*** Dataset section ***

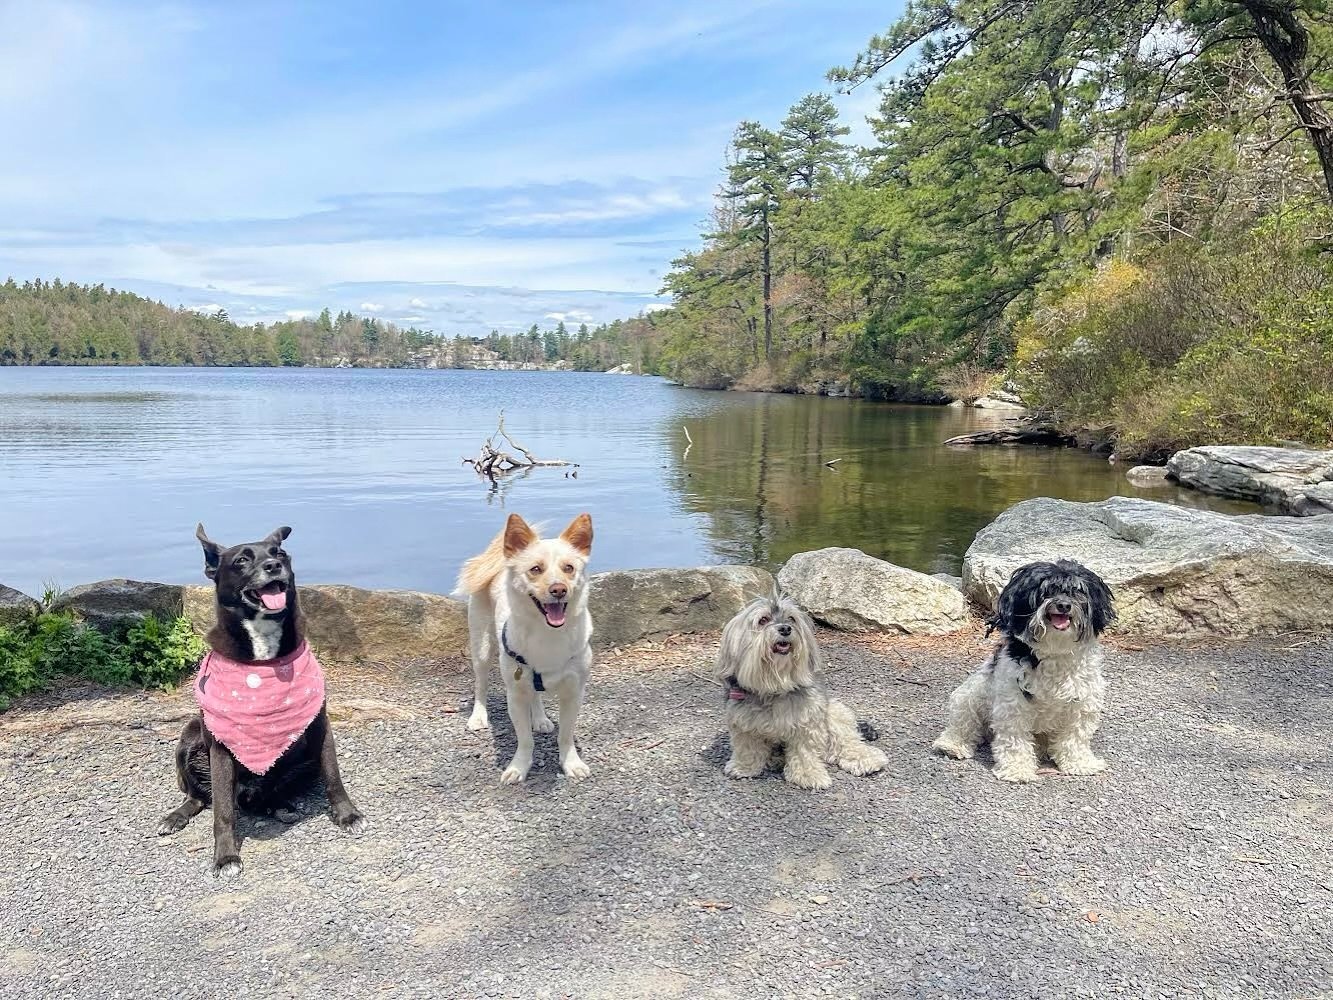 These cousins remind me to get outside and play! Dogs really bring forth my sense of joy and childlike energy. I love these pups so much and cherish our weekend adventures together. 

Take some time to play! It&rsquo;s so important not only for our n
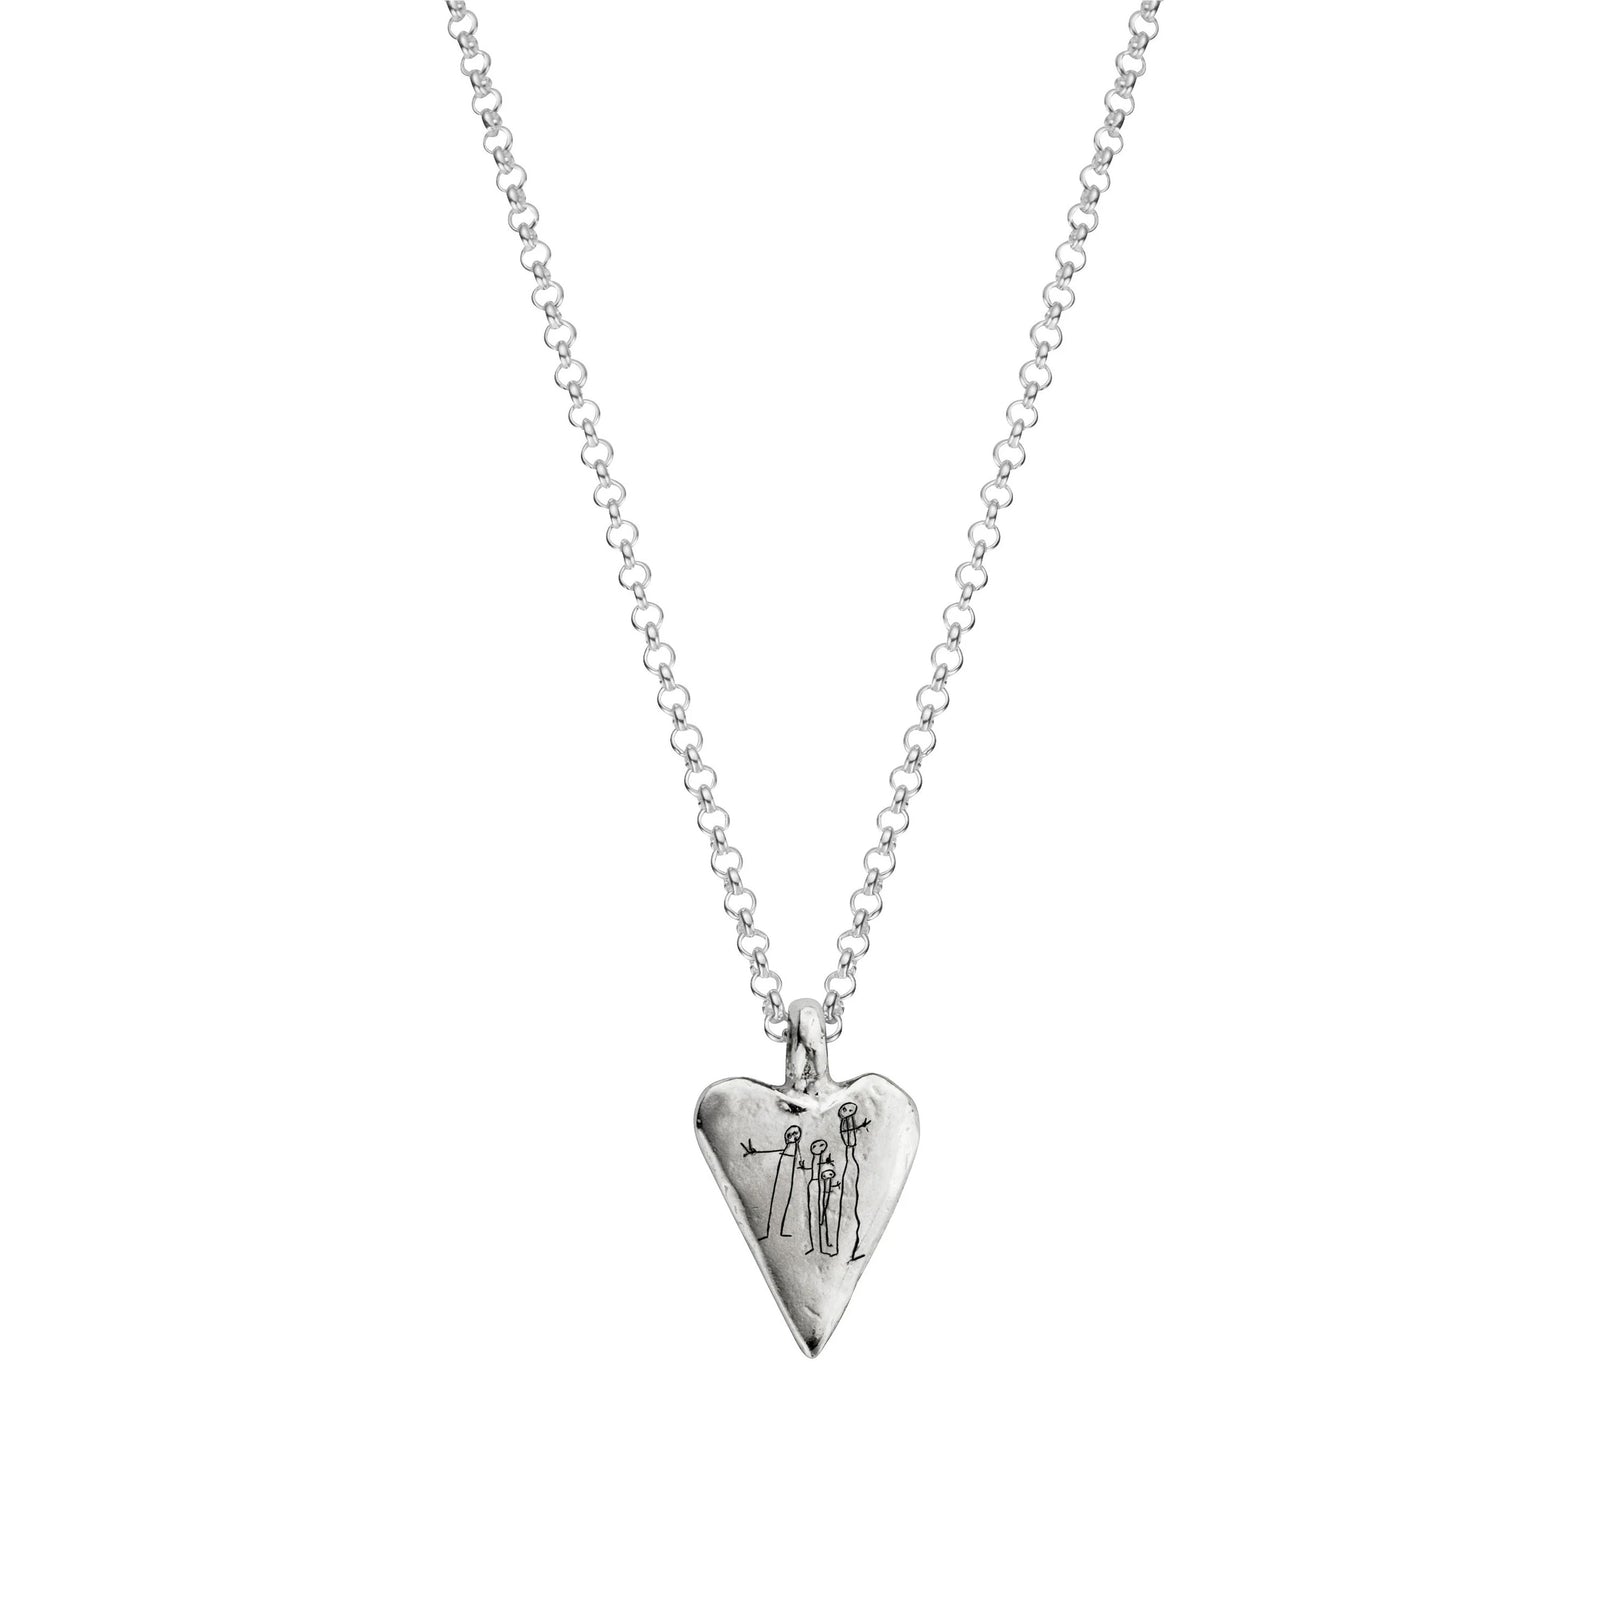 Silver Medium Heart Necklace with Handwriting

*** End of Dataset section ***

Apart from its pictures, the data is to be repeated exactly.

 These cousins remind me to get outside and play! Dogs really bring forth my sense of joy and childlike energy. I love these pups so much and cherish our weekend adventures together. 

Take some time to play! It&rsquo;s so important not only for our n
 Silver Medium Heart Necklace with Handwriting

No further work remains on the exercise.